Statalist The Stata Listserver


[Date Prev][Date Next][Thread Prev][Thread Next][Date index][Thread index]

st: RE: Combining forvalues and by - simple programming question that somehow eludes me


From   "Nick Cox" <[email protected]>
To   <[email protected]>
Subject   st: RE: Combining forvalues and by - simple programming question that somehow eludes me
Date   Sun, 17 Jun 2007 17:10:34 +0100

I recall some fuss about this in _Nature_ and _Science_ 
a couple of years ago. I wrote a couple of programs 
and then got bored, or distracted, before I wrote the help. 
Anyway, both programs support -by:-. 

------------------------------------ hindex.ado 
*! NJC 1.0.0 21 Sept 2005 
program hindex, byable(recall) rclass sort 
	version 8 
	syntax varname(numeric) [if] [in] 

	quietly { 
		marksample touse 
		count if `touse' 
		if r(N) == 0 error 2000 

		tempvar negvar rank 
		gen `negvar' = -`varlist' 
		bysort `touse' (`negvar'): gen `rank' = _n
		bysort `touse' `negvar' (`rank'): replace `rank' = `rank'[_N] 

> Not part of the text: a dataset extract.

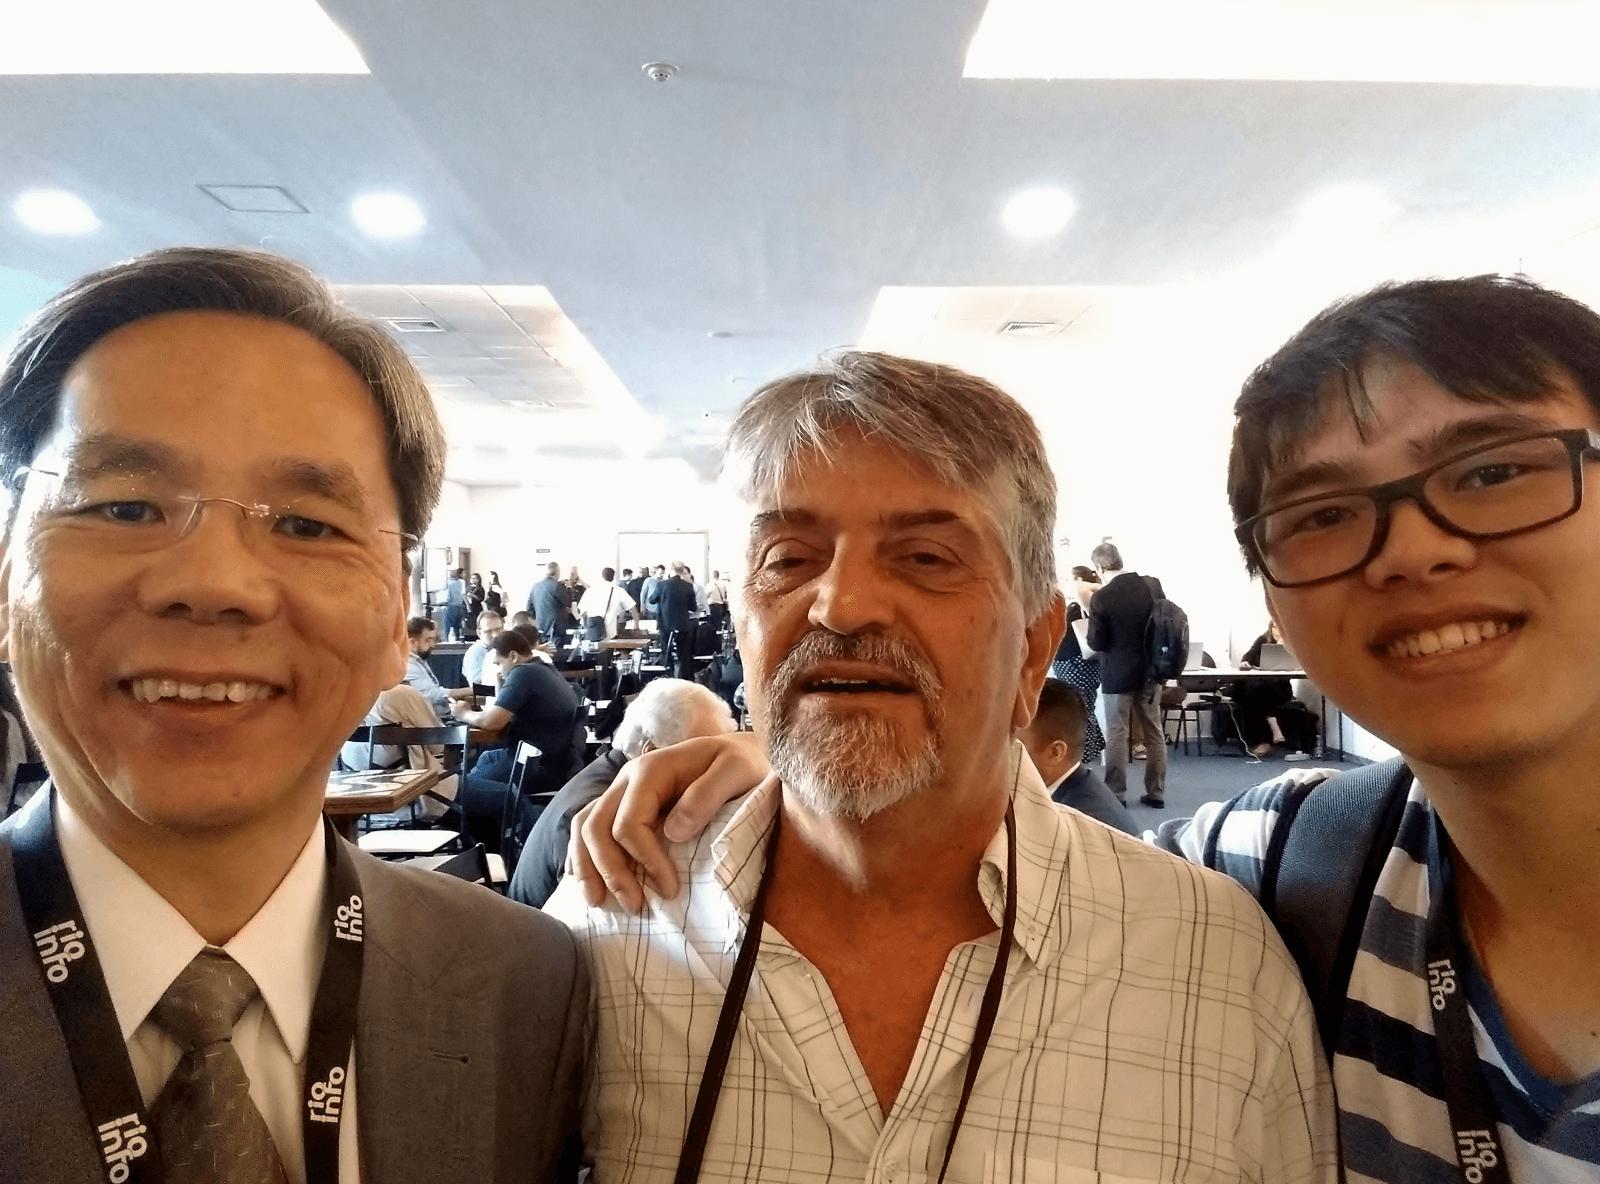 Dr. Eng. Fernando Hideo Fukuda, CEO na Fukuda Solutions, teve a felicidade em encontrar-se também com o MentoradoMai Yufeng, Aluno do Curso de Engenharia de Computação no Campus Tijuca da UVA, para mais mentorias durante o evento.

		su `rank' if (`rank' <= `varlist') & `touse', meanonly 
	}
	
	di _n as txt "h-index " as res %3.0f r(max) 
	return scalar hindex = r(max) 
end 
---------------------------------- 

---------------------------------- _ghindex.ado
*! 1.0.1 NJC 17 Oct 2005
*! 1.0.0 NJC 21 Sept 2005
program _ghindex 
	version 8
	syntax newvarname =/exp [if] [in] [, BY(varlist) ]
	marksample touse, novarlist 
	tempvar GRV
	quietly {
		gen double `GRV' = -(`exp') if `touse'
		markout `touse' `GRV' 
		bysort `touse' `by' (`GRV'): gen `typlist' `varlist' = _n 
		by `touse' `by' `GRV': replace `varlist' = `varlist'[_N]
		replace `varlist' = 0 if (`exp') < `varlist' 	
		bysort `touse' `by' (`varlist'): ///
			replace `varlist' = `varlist'[_N]
		if "`by'" != "" local by " by `by'" 
		label var `varlist' "h-index of `exp'`by'"
	} 	
end
--------------------------------- 

and I worked out this recipe for h-index of -response-, by -byvar-:
 
bysort byvar : egen temp = rank(-response), unique
bysort byvar response : egen rank = max(temp)
by byvar : egen hindex = max(rank) if response >= rank 
tabdisp byvar if response >= rank, cell(hindex)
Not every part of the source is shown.